Safe, Not Sorry; Protect Your Data

Safe, Not Sorry; Protect Your Data

Ransomware is a type of cyber-attack that involves hackers taking control of a computer or mobile device and demanding payment to release your data.

The attackers download malicious software onto your device and then use it to encrypt your data files so you cannot retrieve them. These intruders threaten to block access to the files until a ransom is paid.

Cyber-attacks are likely to be waged against businesses, but can also affect individuals.

Avoid data loss in the first place. The best thing you can do is practice good “digital hygiene”: Do not be in the position of paying a ransom to recover your files, which is nearly impossible without the attacker’s approval, and sometimes the data is not released even if the ransom is paid.

Here is some advice from the World Economic Forum to share with your users.

  • Criminals trick their way to get account details: “phishing” which is where an attacker attempts to have you reveal sensitive information to them. If you receive a suspicious email, example: a notice of a Fed Ex delivery or a strange request from a work colleague; ask yourself whether it is unusual before you click.
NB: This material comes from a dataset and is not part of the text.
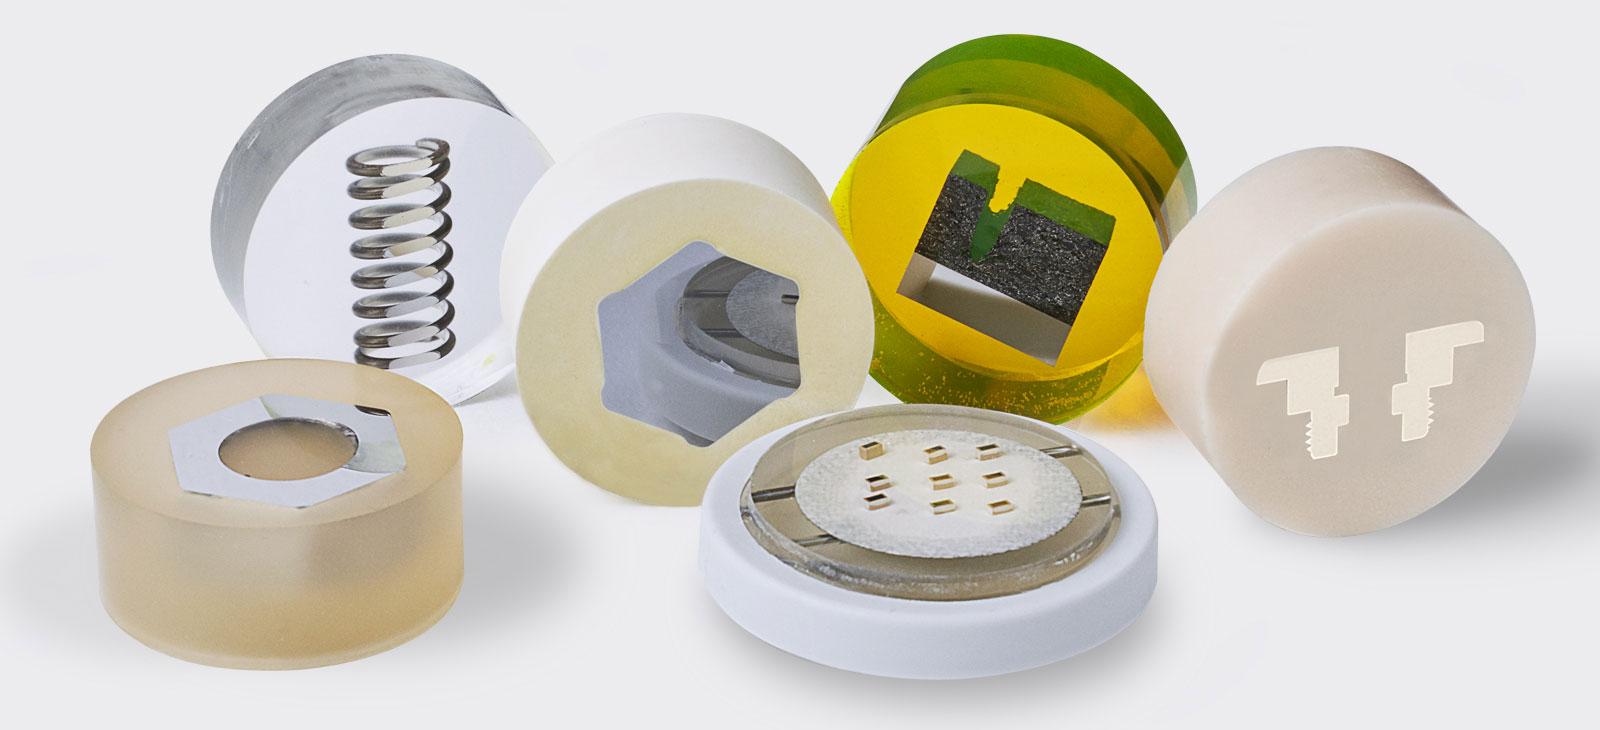 Verbrauchsmaterialien für Einbettgeräte

If you are not sure, contact the sender via a different medium, such as giving them a phone call, to crosscheck
  • Don’t install any software, plugins or extensions unless you know they are from a reputable source. If in doubt, ask and only rely on trusted download sources. In addition do not be tempted to pick up USB sticks found on your desk
  • Update your software (including your operating system, web browser, and other installed software) regularly to ensure you are always running the latest versions
  • Backup! Important documents need to be treated like valued possessions. Rotate your backups daily or weekly. Having multiple copies of file backups in a remote data center, means the adversarial effort of holding on to your data for ransom is worthless.
  • If you use USBs to capture files, do not leave USB keys plugged in (current malware strains can scan removable USB disks as well).
  • Victims of ransomware attacks are advised never to pay the fee as it encourages attackers and may not result in files being recovered. Some programs can help decrypt files, or if you have a fully redundant backup, you can restore your devices from that.

Ransomware is a very real threat. Follow the adage; it is better to be safe than sorry.